*Supplied data*:
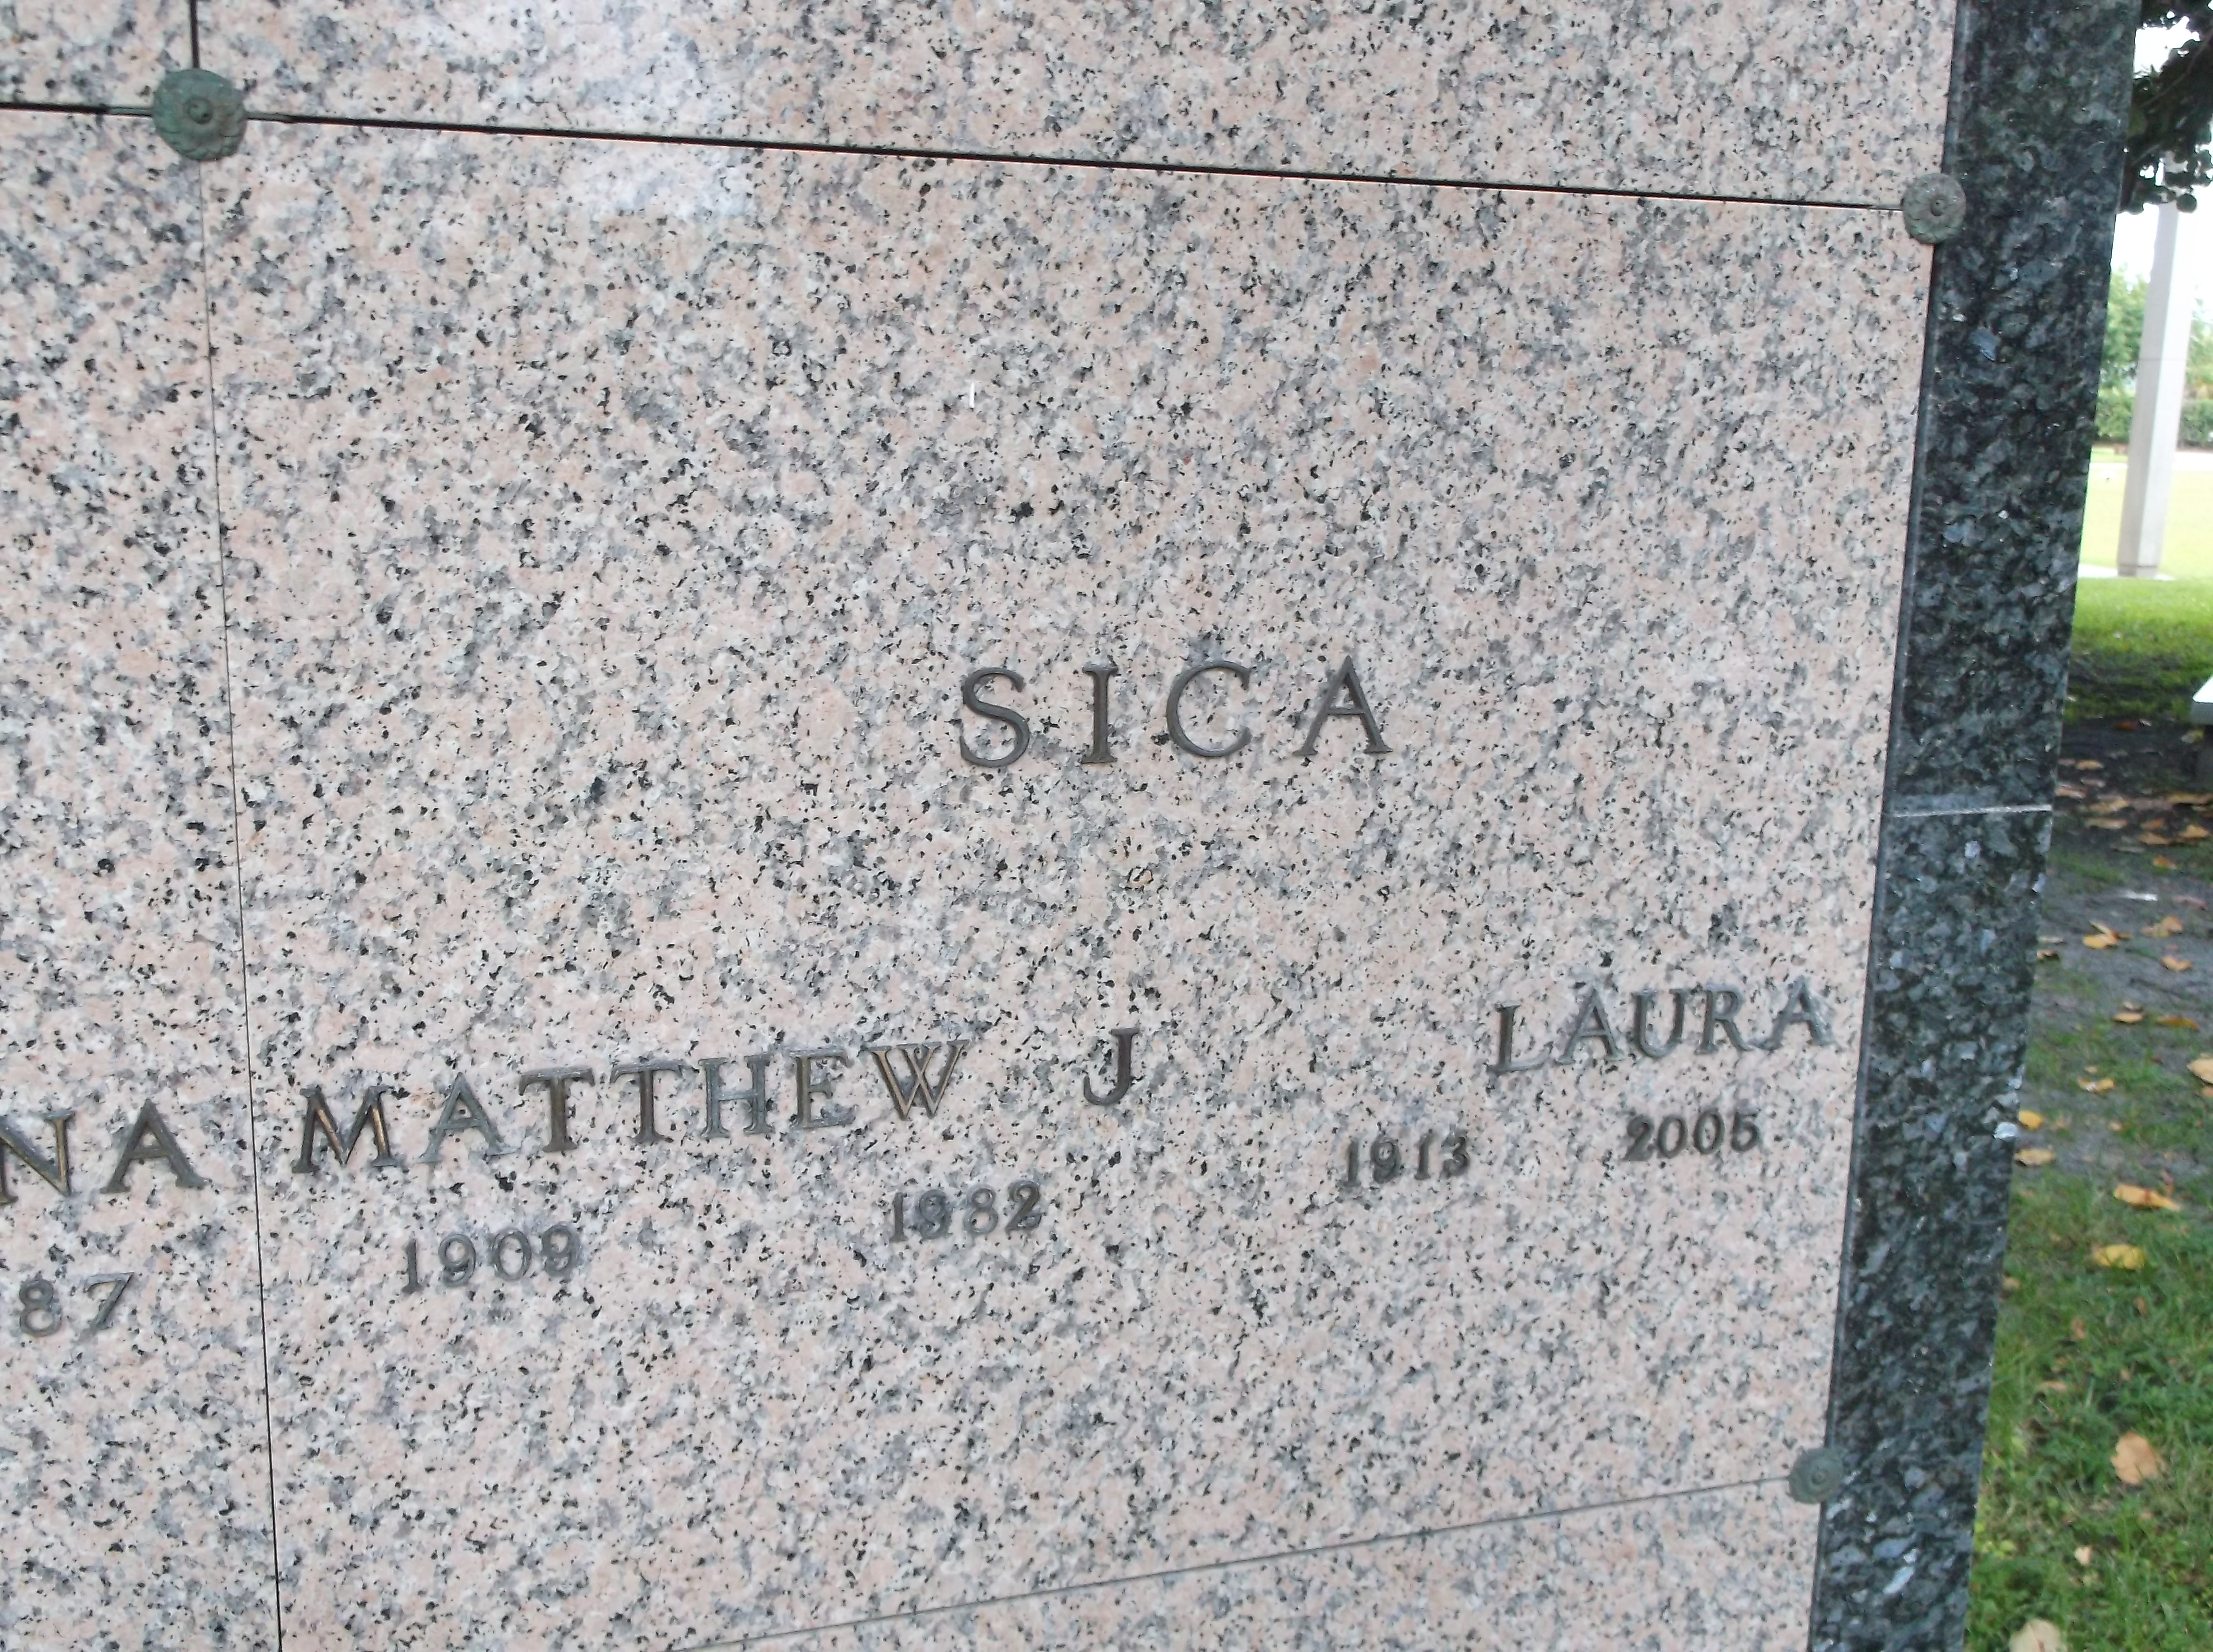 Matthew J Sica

--

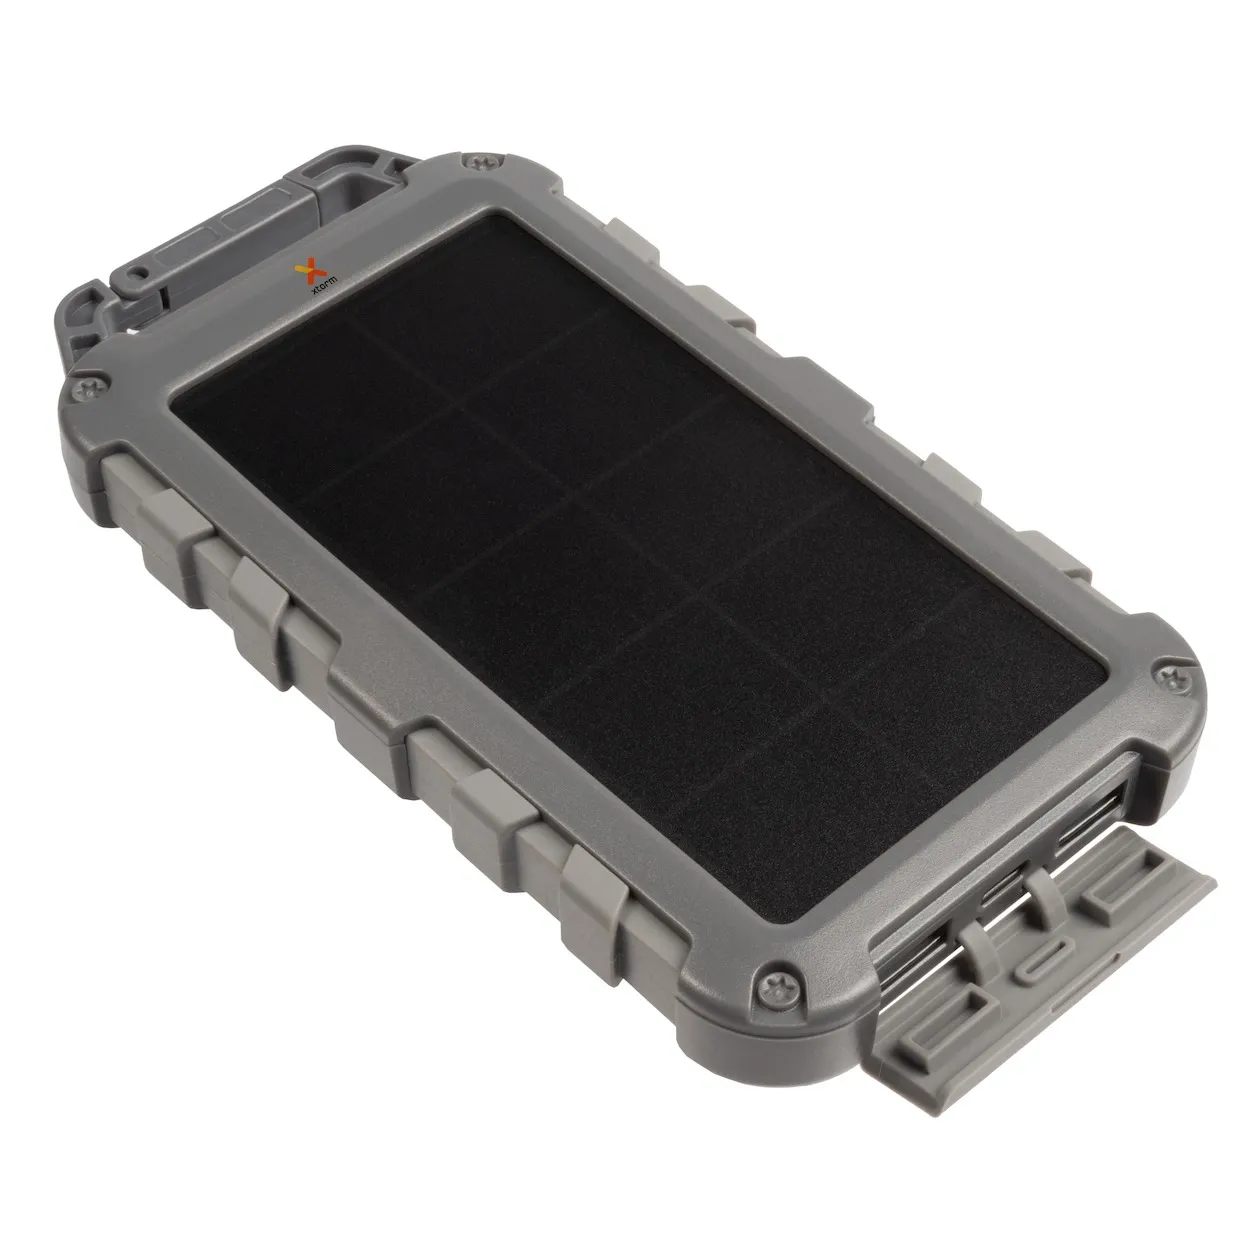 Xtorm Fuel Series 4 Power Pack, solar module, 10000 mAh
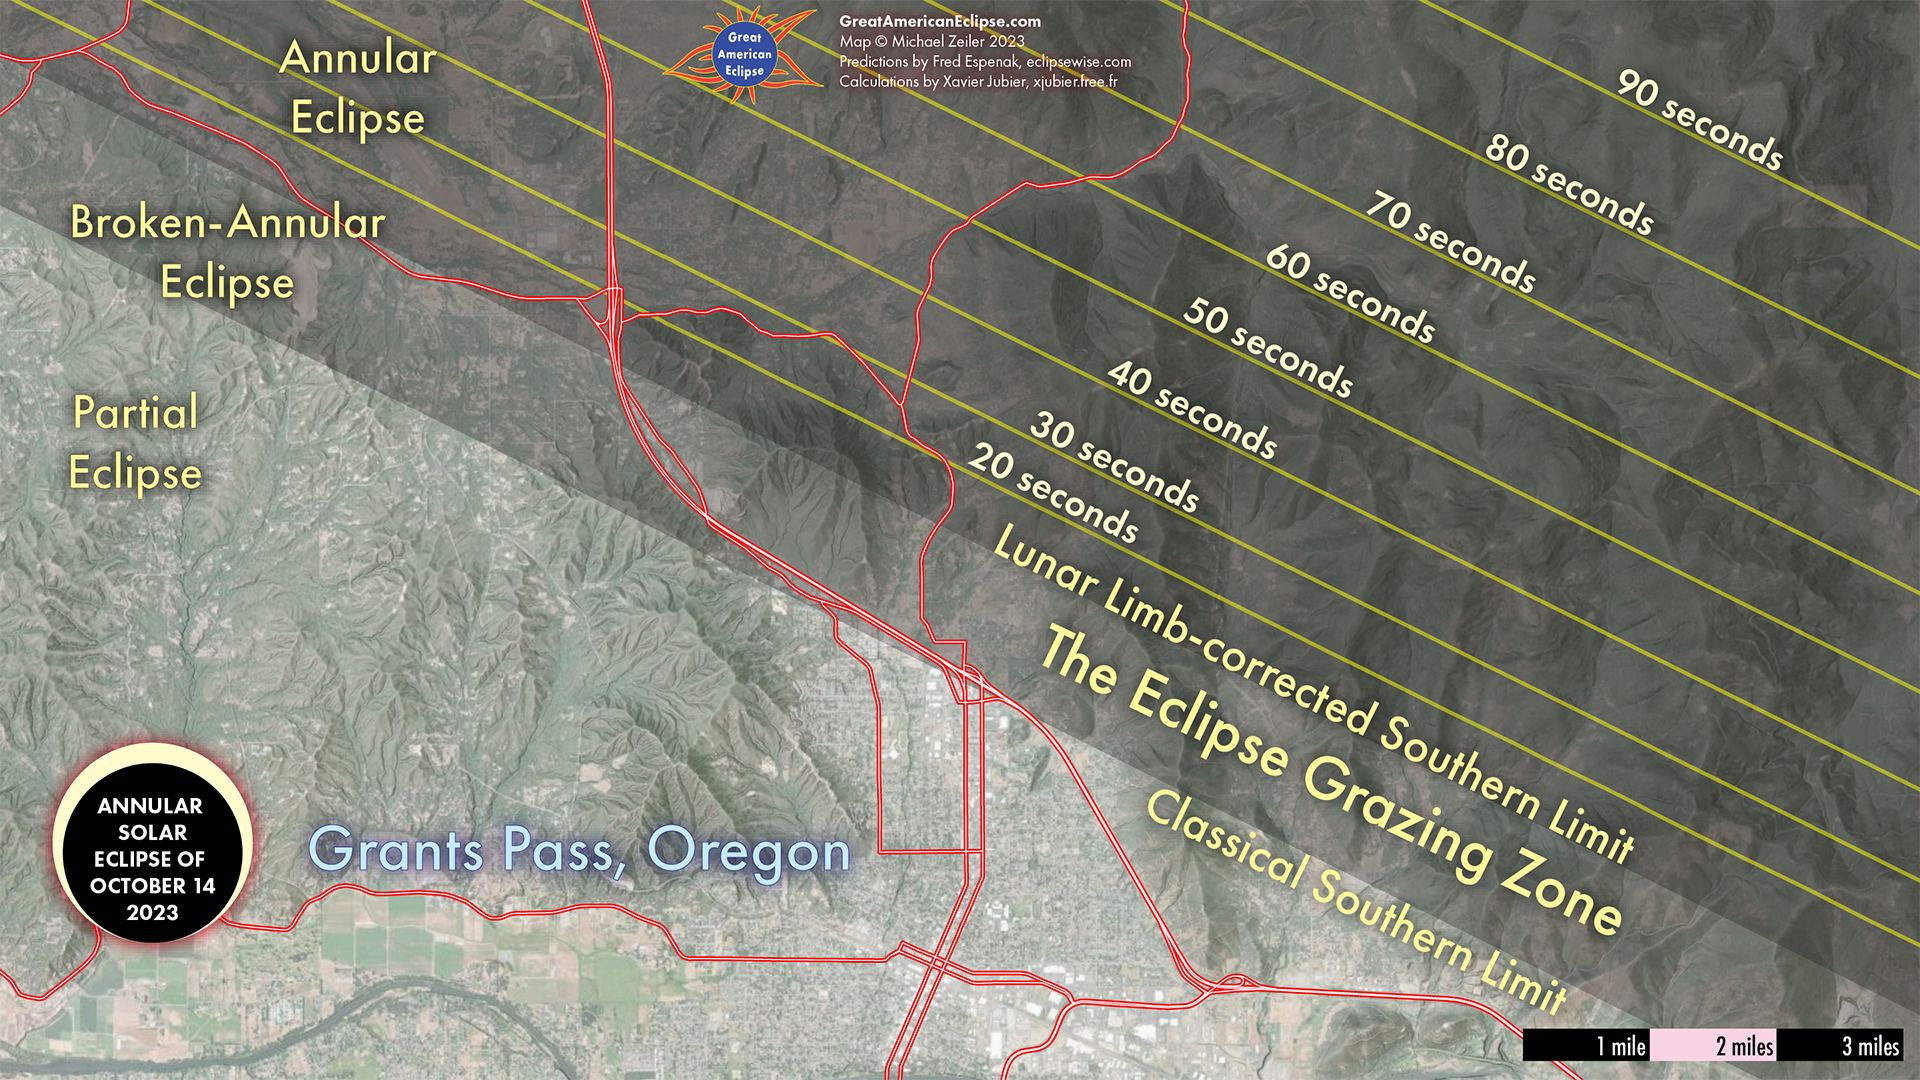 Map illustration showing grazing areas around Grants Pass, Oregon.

*Exercise directions*:
A clean copy is needed of the lines in the listing above from the one with "Xtorm Fuel Series" through the one with "Map illustration showing", exact in every word and free of pictures.

*Your response*:
 Xtorm Fuel Series 4 Power Pack, solar module, 10000 mAh
 Map illustration showing grazing areas around Grants Pass, Oregon.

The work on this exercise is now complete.